You could be forgiven for thinking that US hospitals make an absolute killing (pardon the pun). After all, they charge an obscene amount of money for many basic services and medications, and they provide an essential service that every single American citizen will need at some point in their lives.
On the surface, this seems like it could be a very lucrative industry, but once you dig a little deeper it’s a different story altogether. Around 8 out of 10 US hospitals are non-profit for one thing, and even the ones that operate solely to profit from mending and curing American citizens don’t have the sort of margins that you might expect.
How Much do American Hospitals Make?
The average US hospital has a profit margin of just 8%. To put that into perspective, Apple, who operate on a much bigger scale and don’t have our lives in their hands, have a profit margin of just under 40%.
You could argue that both overcharge for what they provide, but the end result is drastically different. And the problem with operating on such small margins is that it doesn’t take much for your profits to take a nose-dive. That’s why many hospitals are scrambling, trying their best to change-up their systems. Static budgeting in hospitals is becoming a thing of the past, which is good, but hospitals may also look to cut staff costs and customer care, which is not good.
Why are the Margins so Small?
So what is the issue here, why the small margin? Well, contrary to what they may want you to believe, it’s not because the service they provide costs them a lot of money. Medical equipment purchasing and maintenance certainly doesn’t come cheap, but the average hospital bill is over 3.5x greater than the cost of the service provided.
It’s also not the result of something known as “uncompensated care” which is when hospitals provide care that isn’t paid for, and that’s because this is something they rarely do. Not only will Medicaid cover many patients who can’t pay, but hospitals are relentless in chasing debt.

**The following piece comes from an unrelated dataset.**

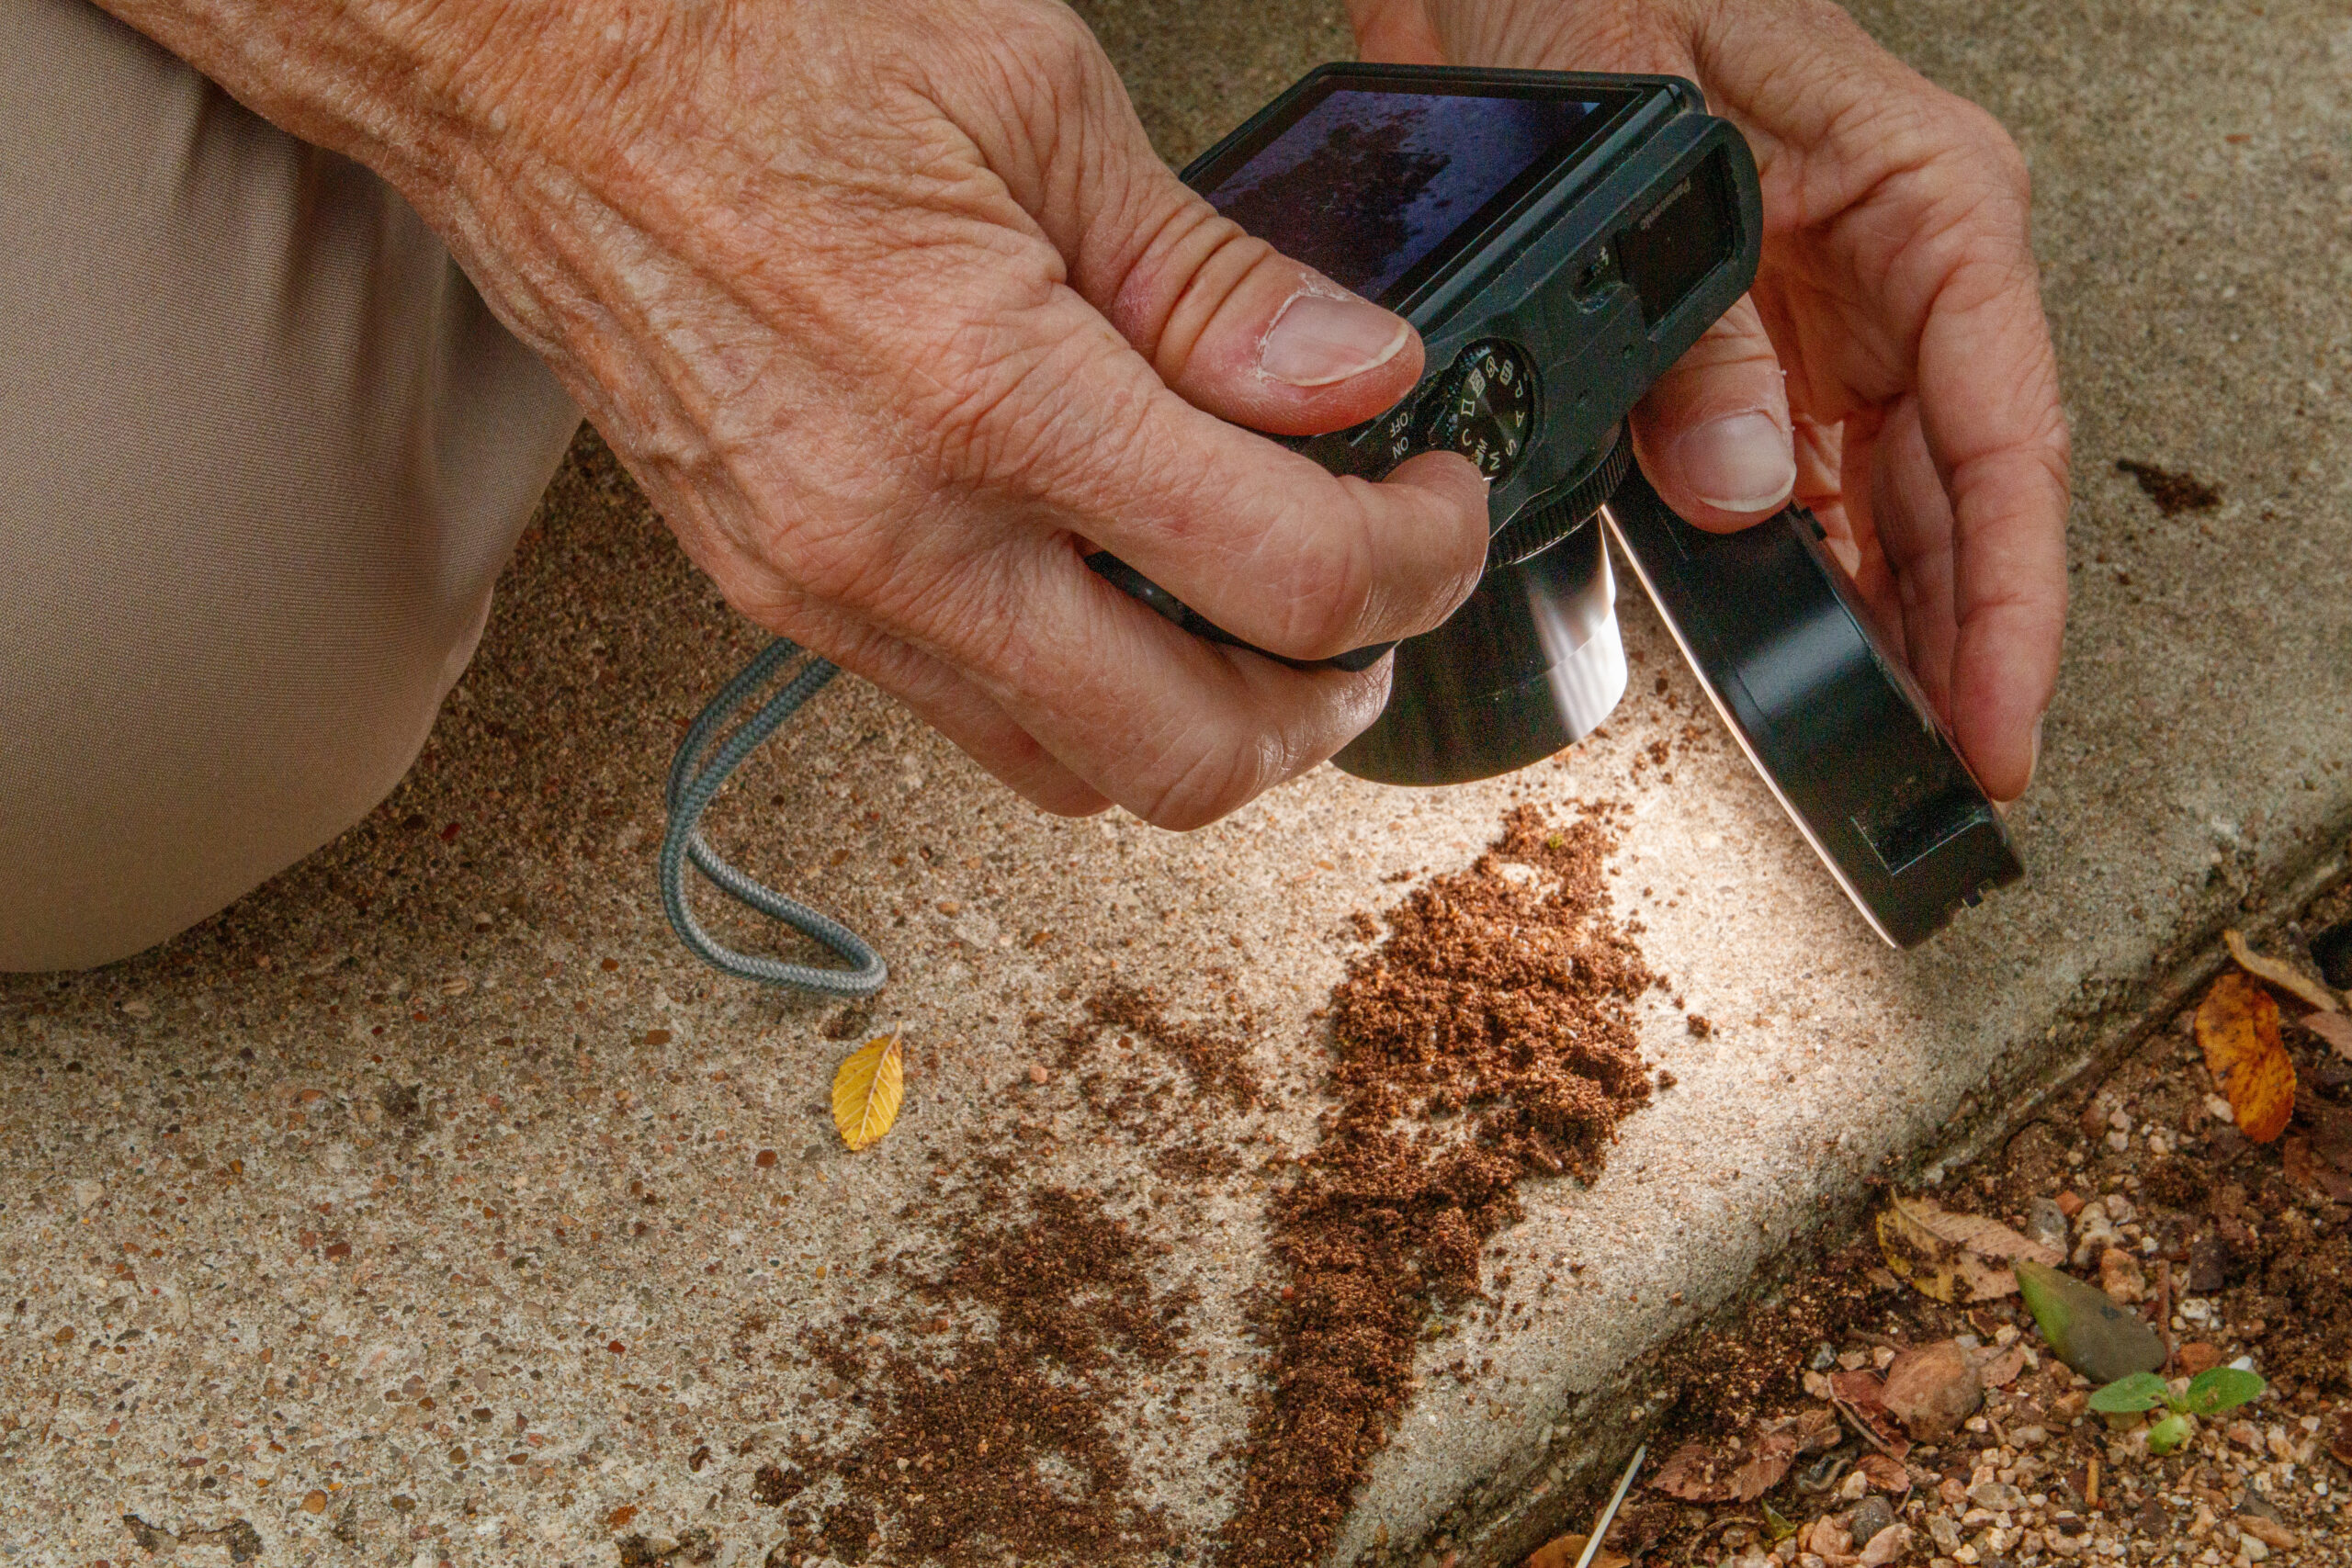 The hands of an older white woman, Valerie Bugh, as she holds a digital camera and LED light up close to some dirt on a walkway, with a tiny, mite-like insect in it.

The simple fact is that a single service, and indeed a single patient, requires a great deal of care from numerous staff members; the machines are ridiculously expensive; and, perhaps most importantly, they are constantly being sued for negligence.
Multi-million dollar medical negligence lawsuits are commonplace in hospitals and are a direct consequence of them taking on more patients. On the one hand they need to take on more patients and assign these to fewer staff members if they want to keep their profits high, but on the other hand busier staff members mean more mistakes, which leads to an increase in medical negligence lawsuits.
Don’t feel bad for the hospitals though. The margins may be small, but we’re dealing with billions of dollars in turnover here, so there is still plenty of cash to go around. These margins are also on the increase, and have nearly quadrupled since 2008, when they reached the lowest they have been for a long-time.